Keep the images out while you set down the data exactly.
#### Recorded information
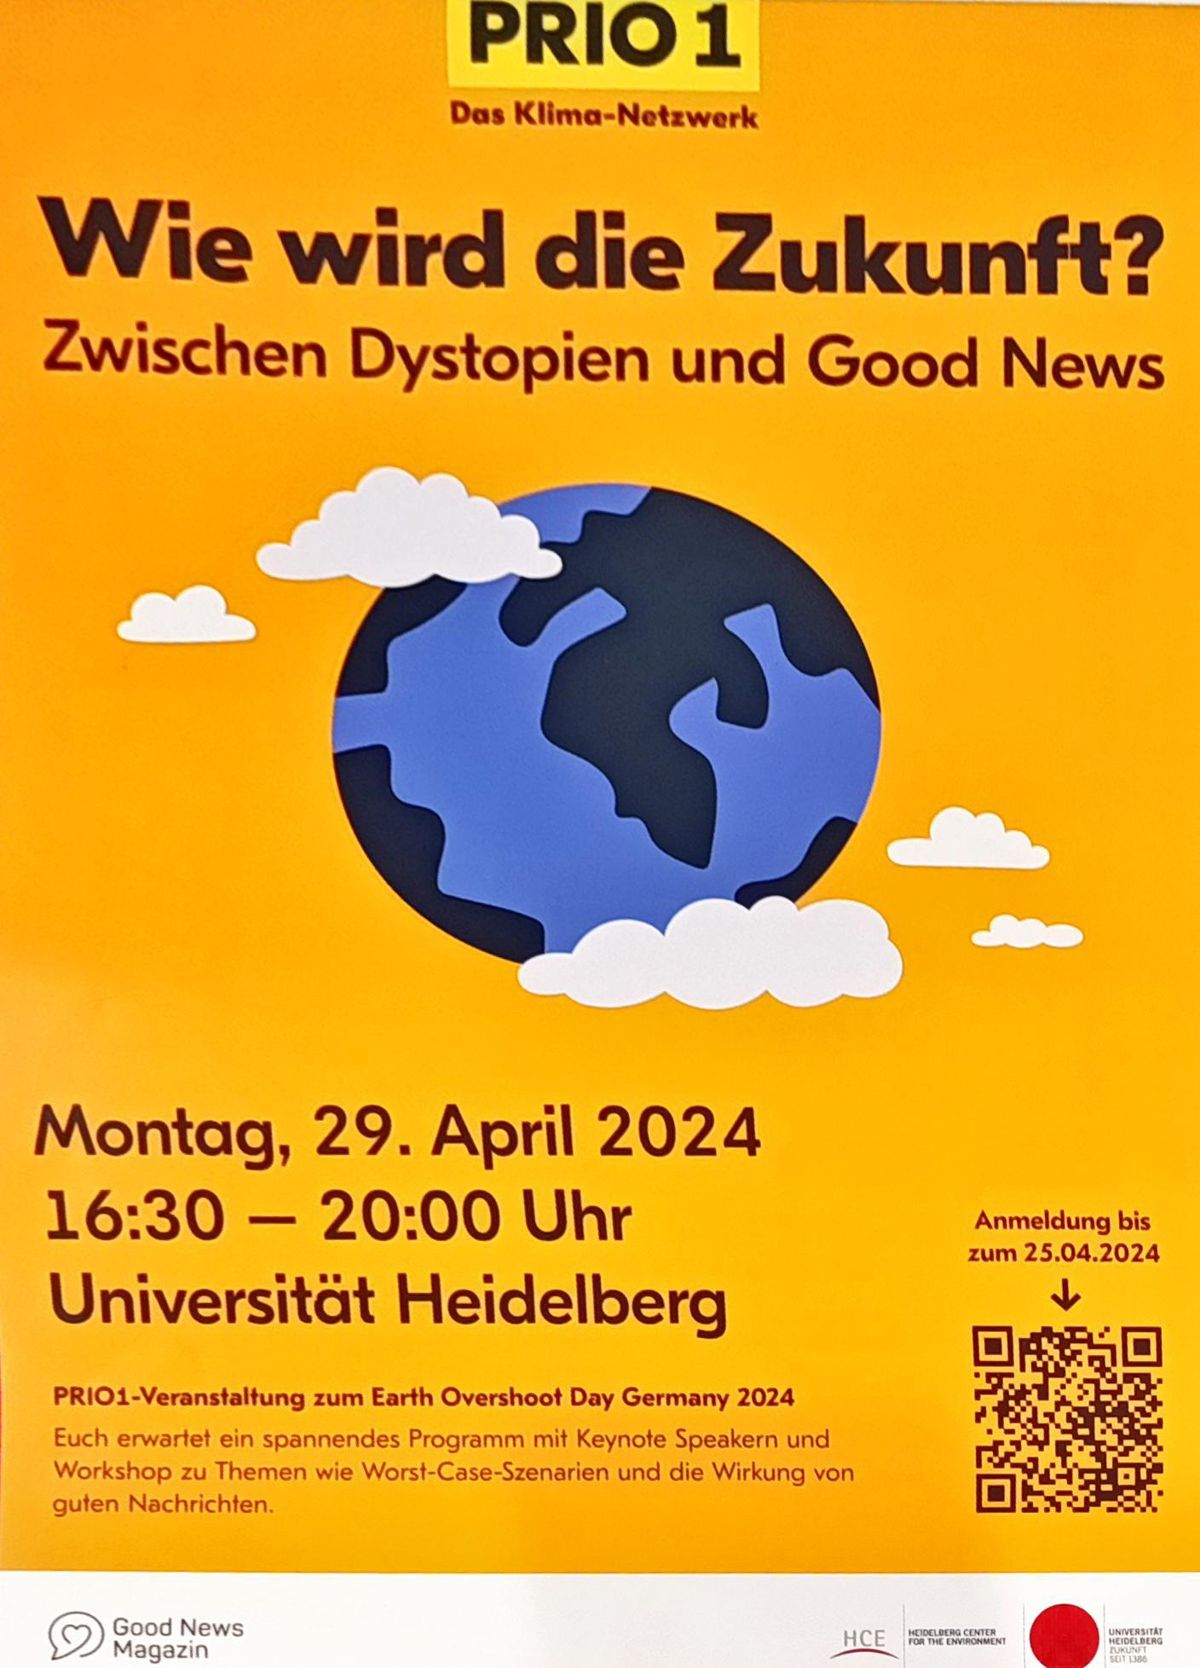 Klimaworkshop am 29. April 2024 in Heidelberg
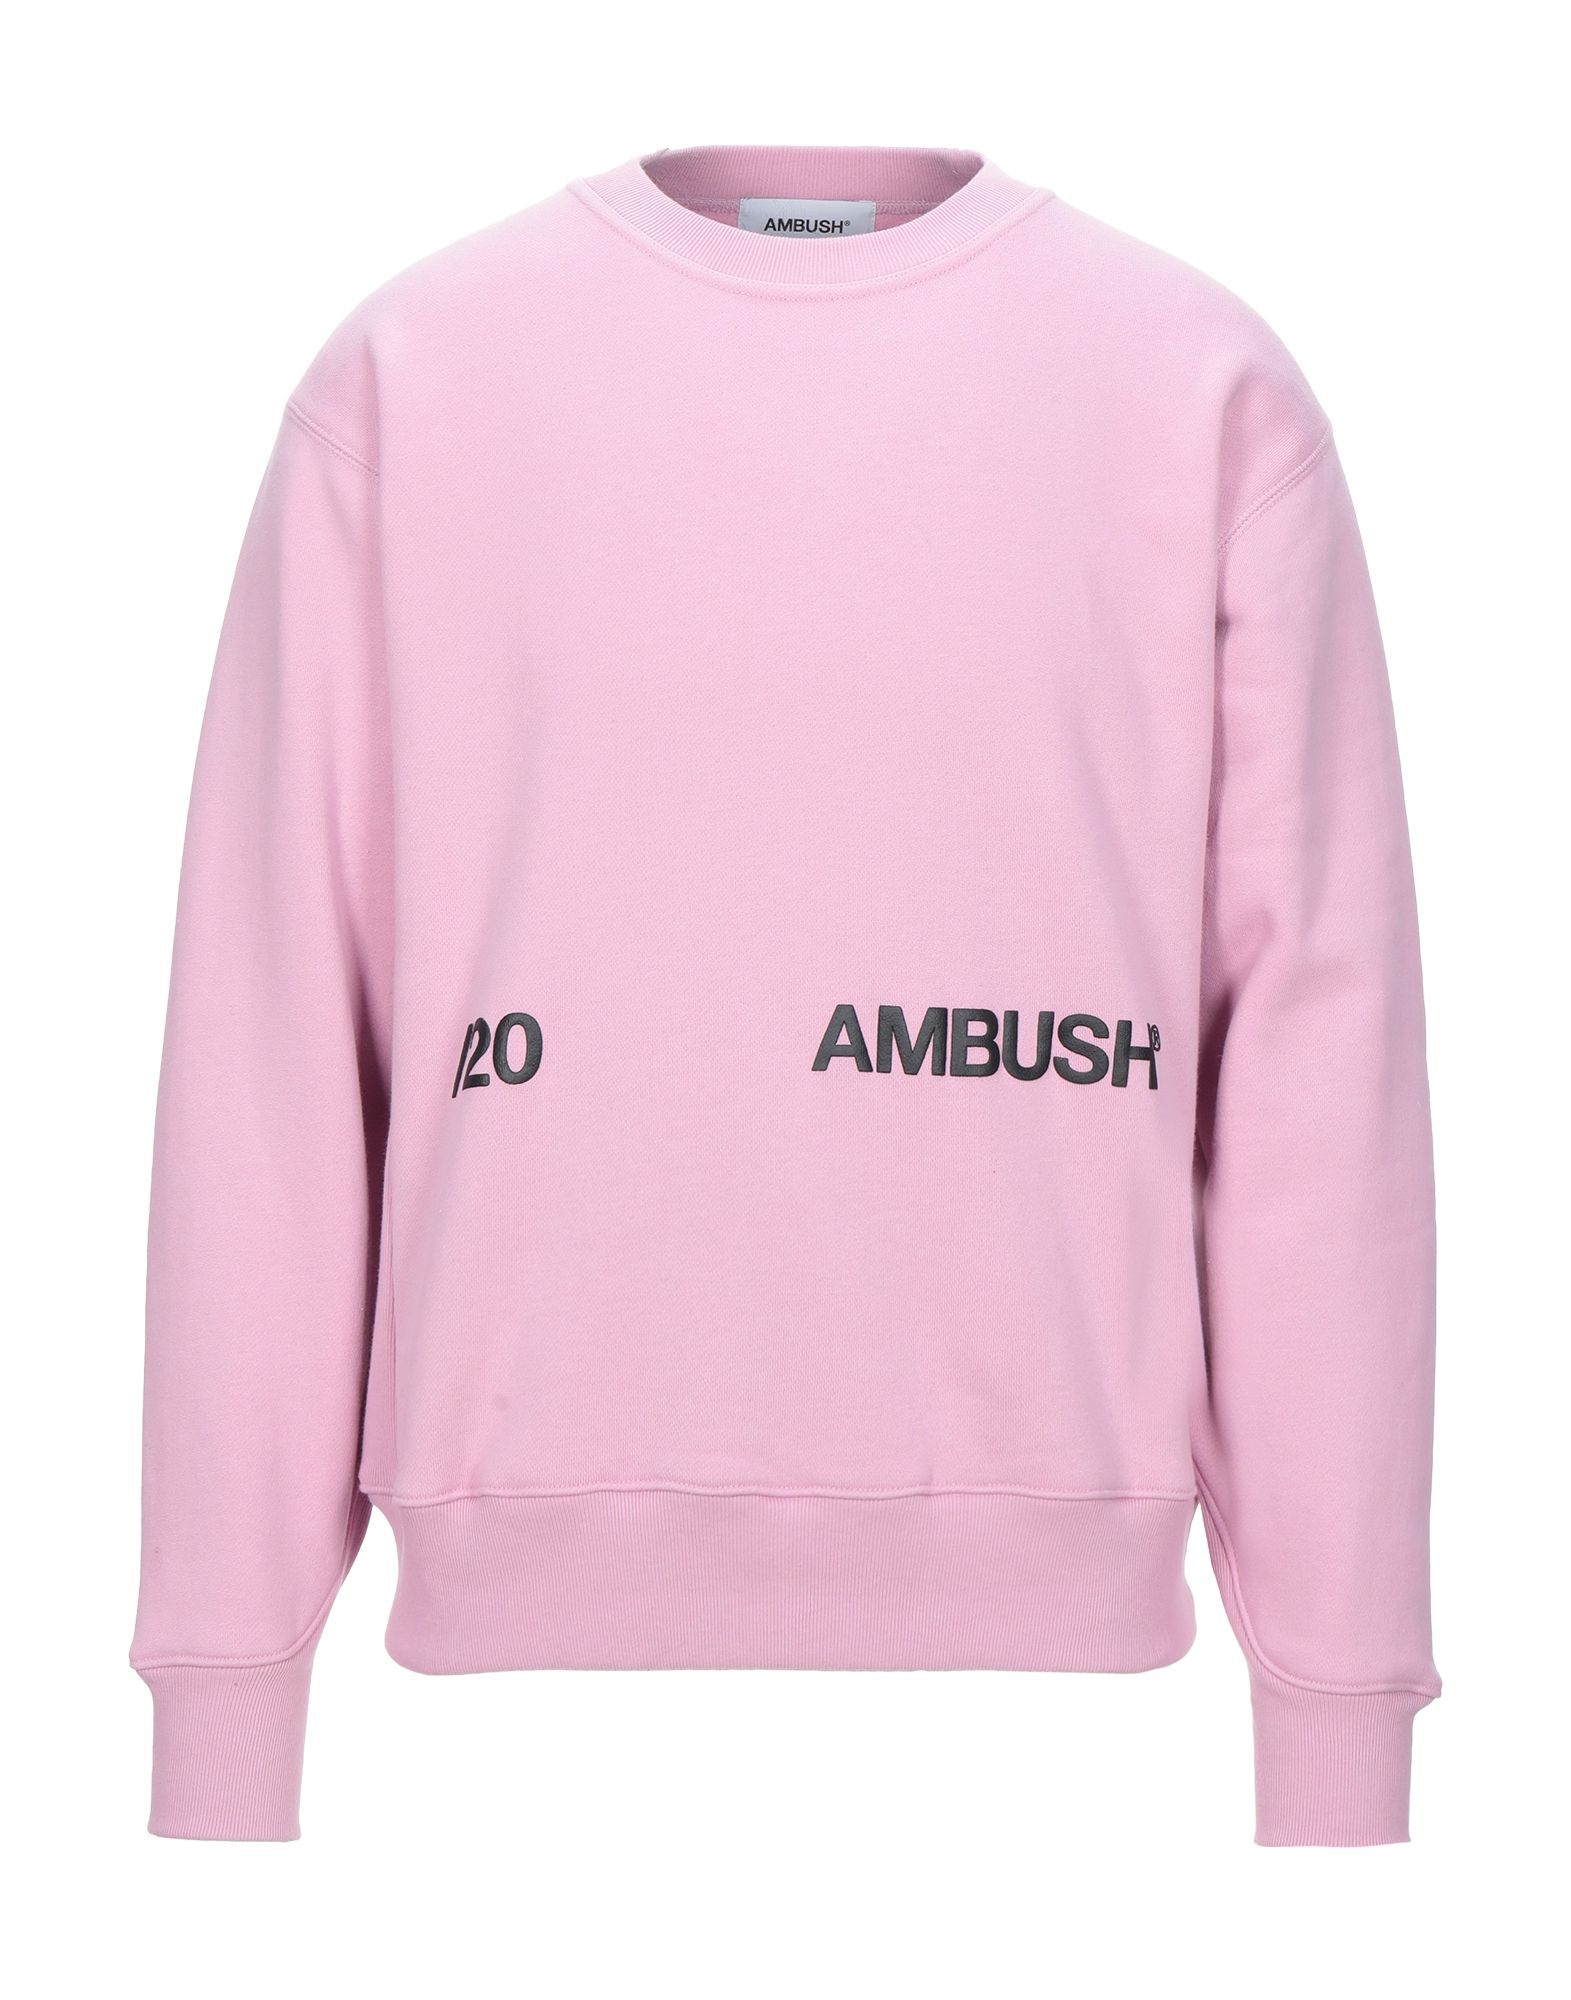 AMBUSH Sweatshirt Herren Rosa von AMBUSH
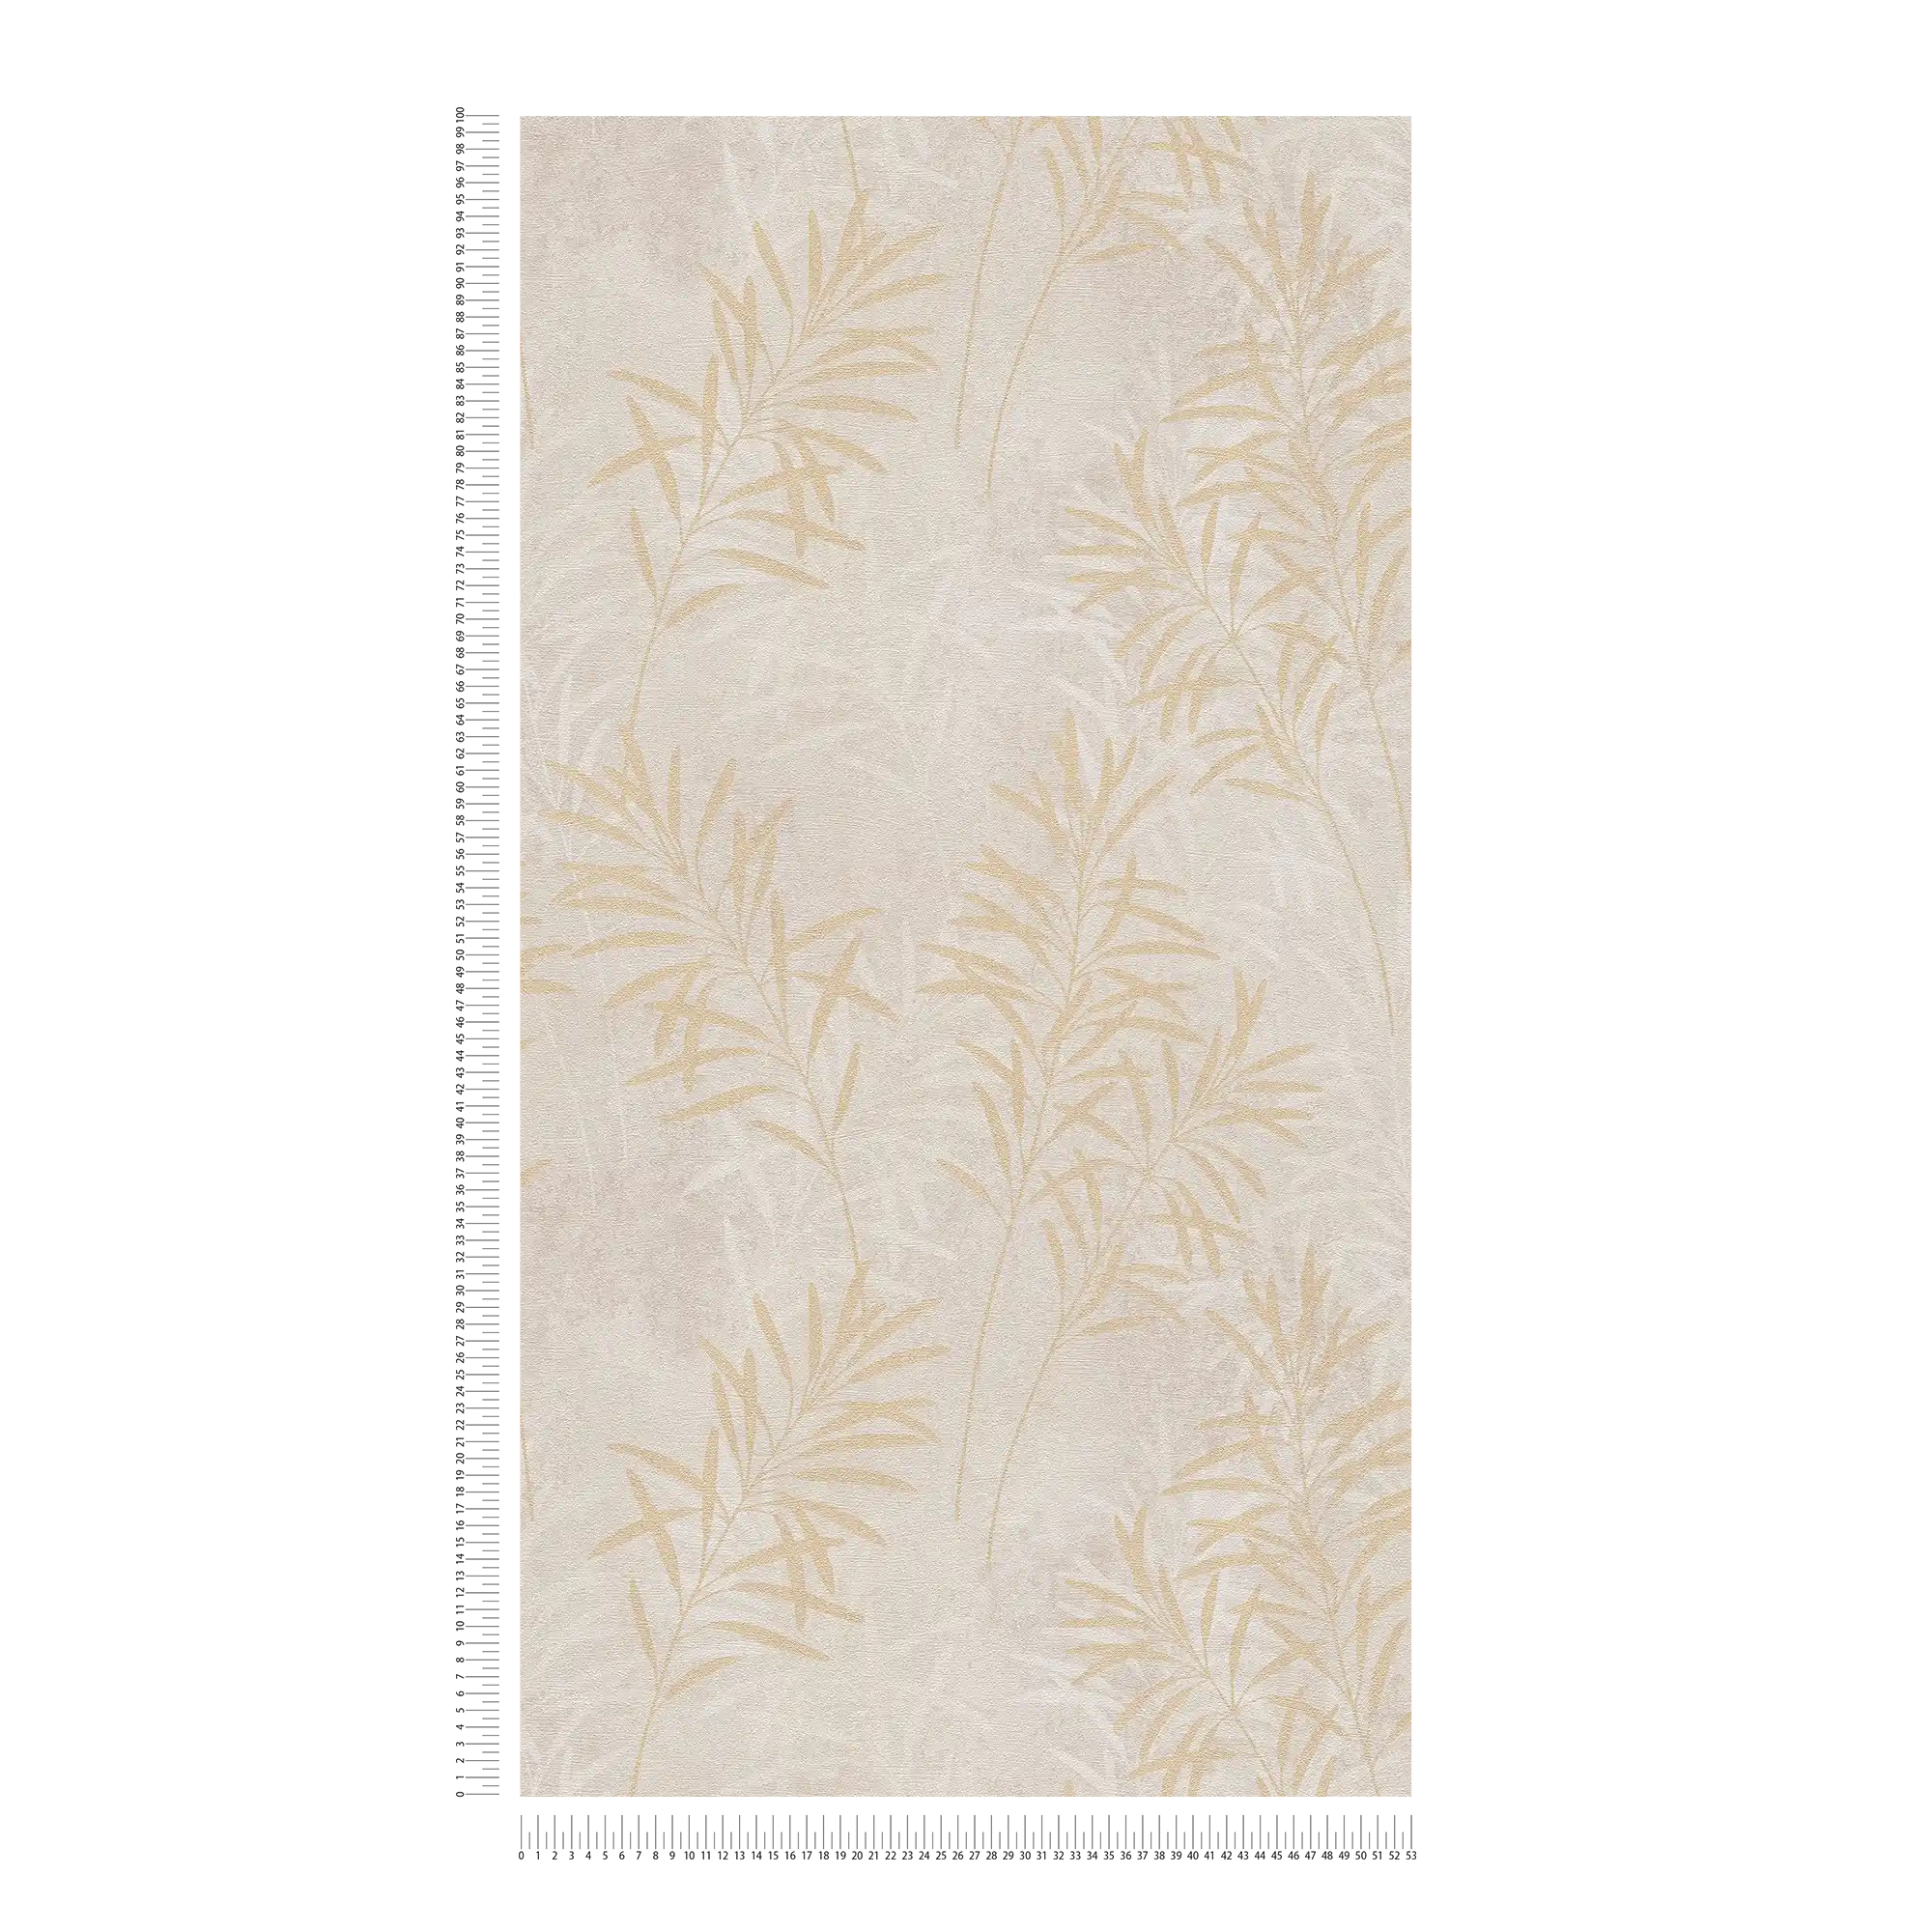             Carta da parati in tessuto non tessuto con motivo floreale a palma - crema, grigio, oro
########
• Task solution:
 Klimaworkshop am 29. April 2024 in Heidelberg
 AMBUSH Sweatshirt Herren Rosa von AMBUSH
             Carta da parati in tessuto non tessuto con motivo floreale a palma - crema, grigio, oro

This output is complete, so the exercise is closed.